I wouldn’t even allow myself to listen to anything I perceived as a little too feminine. A very real “this better not awaken anything in me” type of feeling 😅
Bit of a weird one but because I love the sea, and sailing, the classic folk song “The Mary Ellen Carter” by Stan Rogers really gets me fired up. It’s about a ship that sinks and the efforts of the crew to raise her and sail her again. When I feel at my emotional worst the last verse repeats in my mind:
“And you to whom adversity has dealt the final blow, with smiling bastards lying to you everywhere you go: turn to, and put out all your strength of arm and heart and brain and like the Mary Ellen Carter, rise again!”
Giving me chills and I haven’t even heard the song, great choice!
After my egg cracked almost 6 months ago now, I went through a lengthy phase where a lot of music would make me burst into tears from sheer relatability. I thought I’d stabilized enough to be over that by now, but just the other day, Peter Gabriel’s “Solsbury Hill” got me good.
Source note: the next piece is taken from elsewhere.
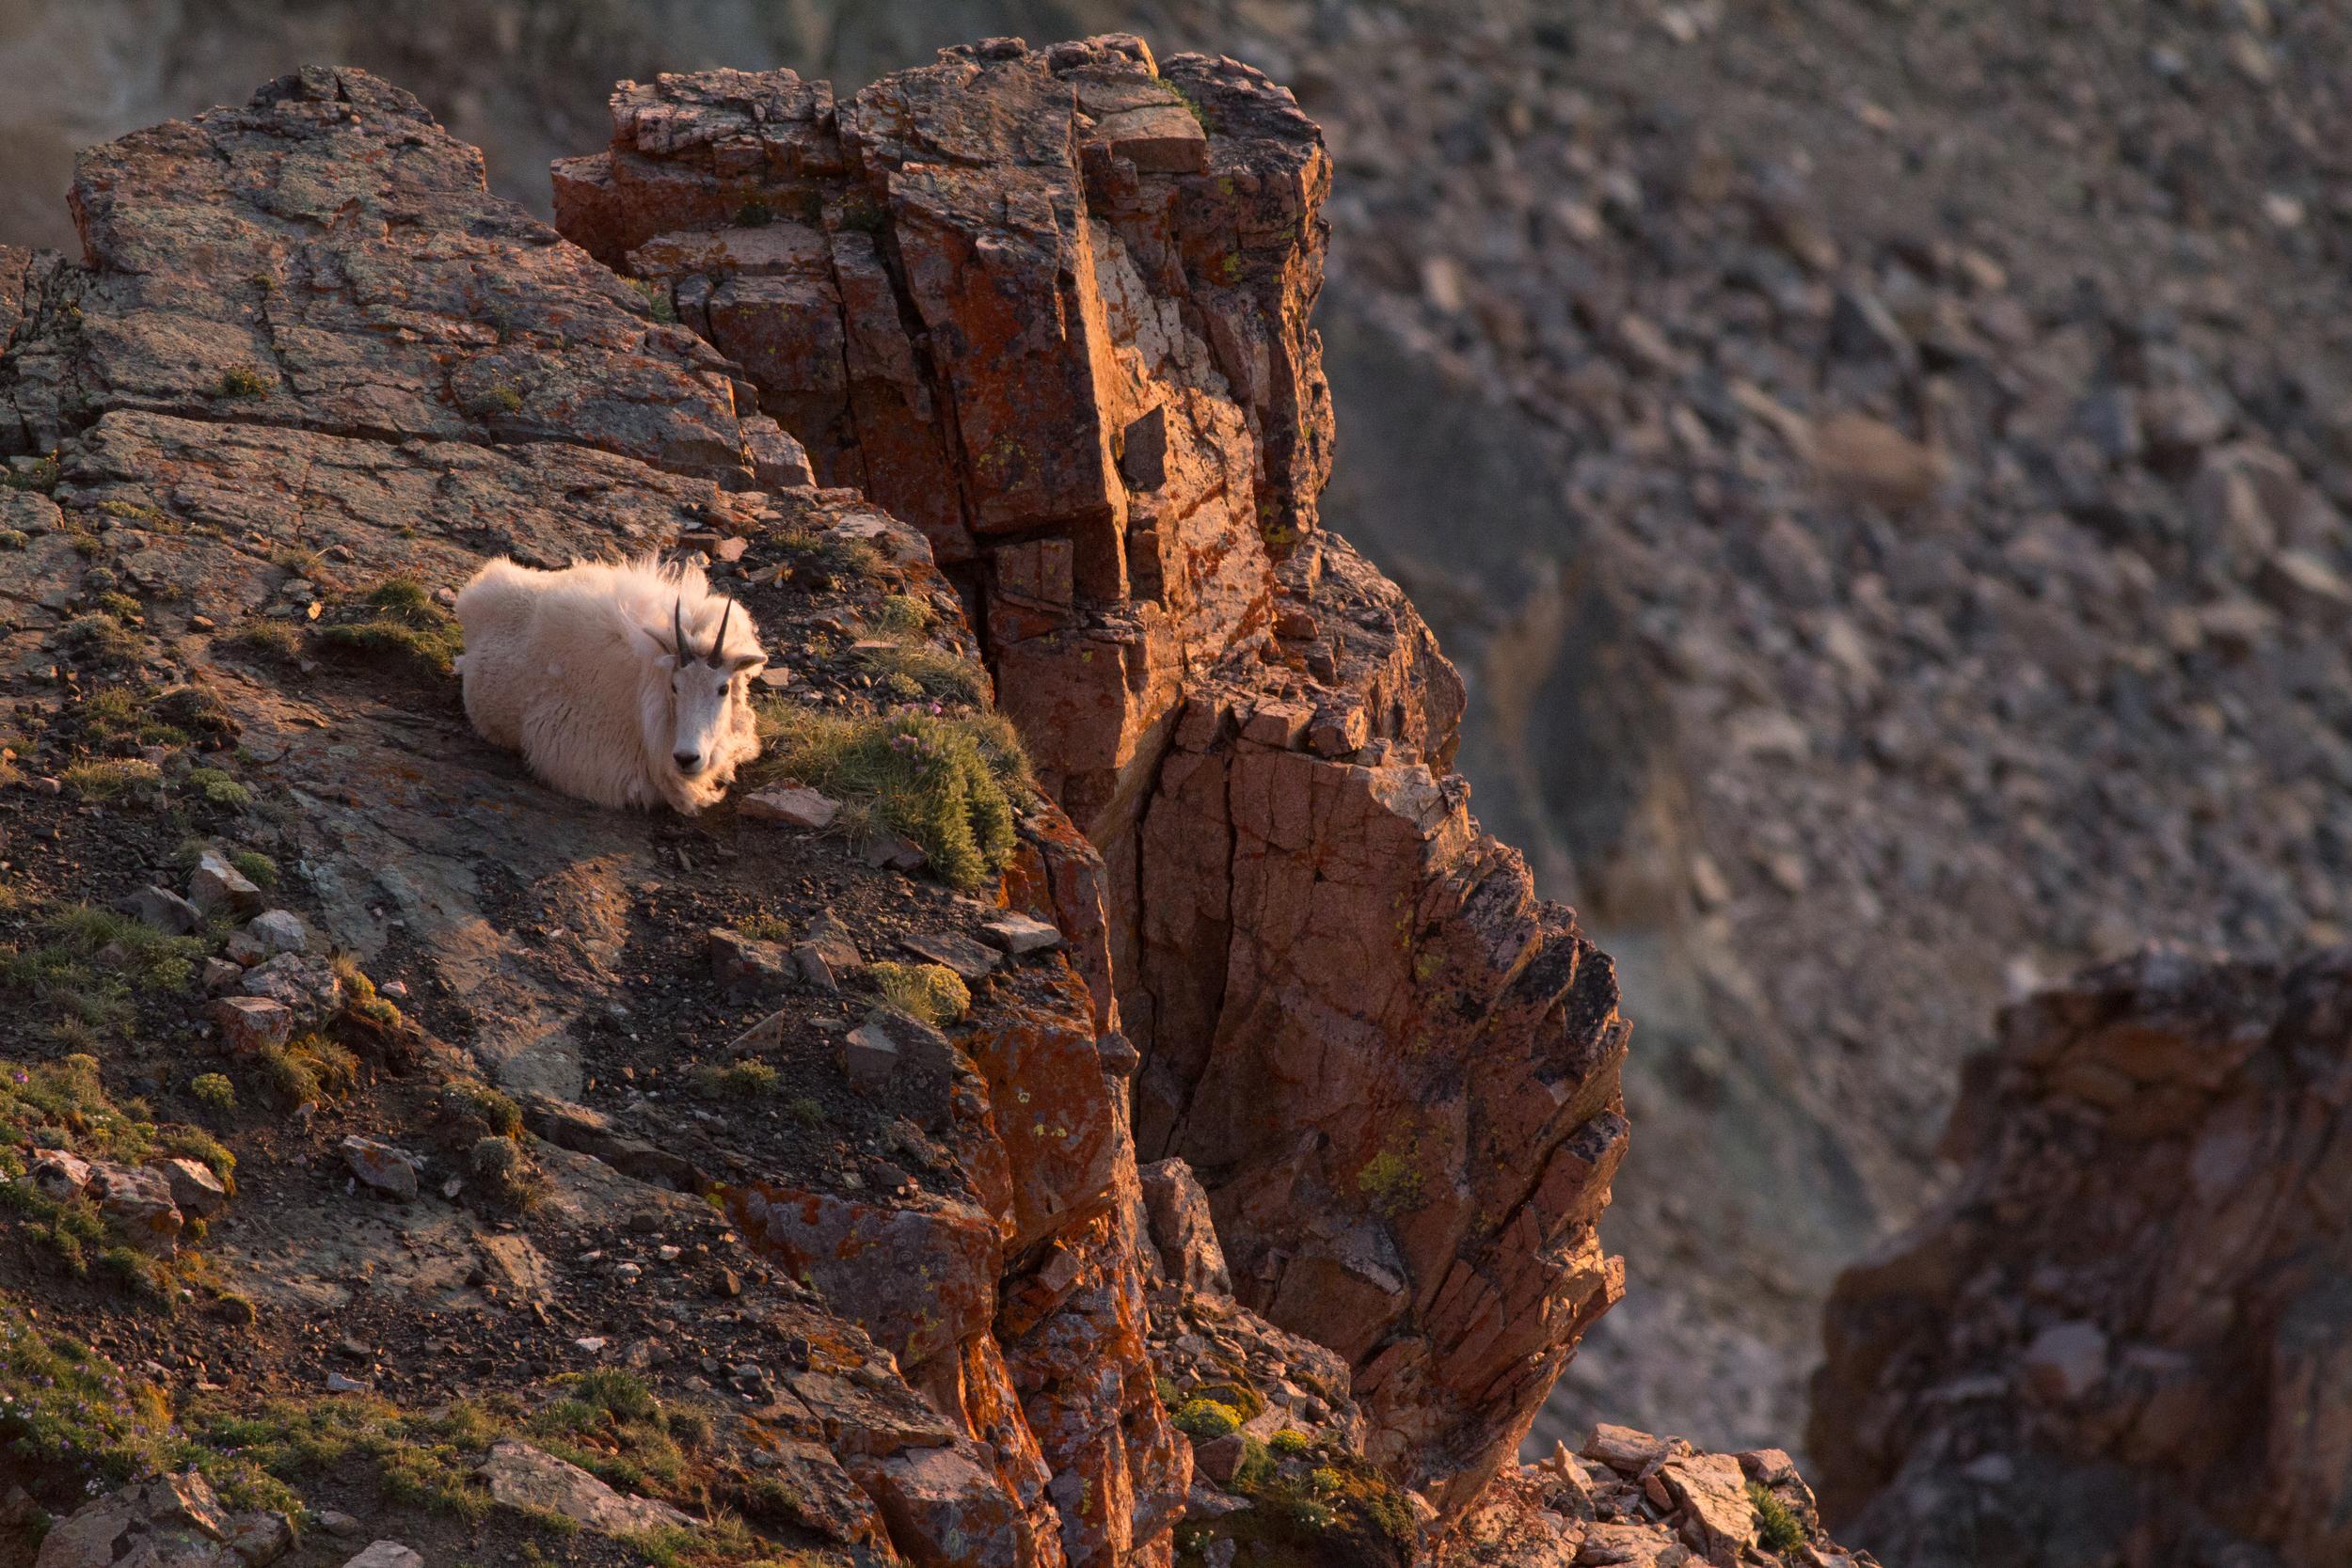 Absaroka-Beartooth Wilderness, Montana

Those themes of stepping out of the hazy drudgery of your comfort zone to embrace a new reality in the face of general confusion and/or disbelief, and having it feel so very right, are absolutely on point for the trans experience.
The track I stumbled upon early on and keep coming back to is Röyksopp & Robyn’s “Every Little Thing”. It really felt/feels like a call from my inner woman to my repressed AMAB shell, and has become the motivational anthem for my transition.
I’ll check them out! You haven’t steered me wrong yet 😉
❤️
If I had to pick one: “IDK If I’m a Boy” - Blue Foster
Cavetown. A lot of his Songs. I loved his Songs even before I realized I was trans. I’m transfem, but the soft ways he incorporates Dysphoria into his lyrics really touched me.
Home - Cavetown Telescope - Cavetown
Laura Les is a big Inspiration as I am a musician and vocalist myself and hope to be able to sing fittingly to my gender after voice therapy.
Looking back, do you feel like his songs resonated with your femininity in some way before you cracked your egg?
Born this way - Kayla King (I know it’s a Gaga song but I like this version)
Maybe mostly because of the idea towards the end of both songs where they basically call out like, “we’re all in this together fighting the system” and specifically include trans people.
Lately “She Likes a Boy” by Nxdia. I also got turned onto a bunch of trans-ish brit-pop from reading “Little Blue Encyclopedia (for Vivian)” (highly recommend).
Ooo trans-ish brit pop sounds like just my jam! If you have any recommendations in that would be fantastic :D
Also, will def check out the book! Really itching to get back into reading lately so this sounds like the perfect opportunity
There are way more mentions in the book, but one prominent song that I think can be read really trans is “Mis-shapes” by Pulp. A bunch of Suede can be read the same way as well!
I really liked Little Blue, it’s framing is super interesting (the main character explores their relationship and love for a fellow trans lady Vivian through a shared interest in a (fictional) show called “Little Blue”). Also highly recommend “A Safe Girl to Love” (or any of Casey Plett’s work), its a bunch of short stories so easy to get into, as well as Nevada!!!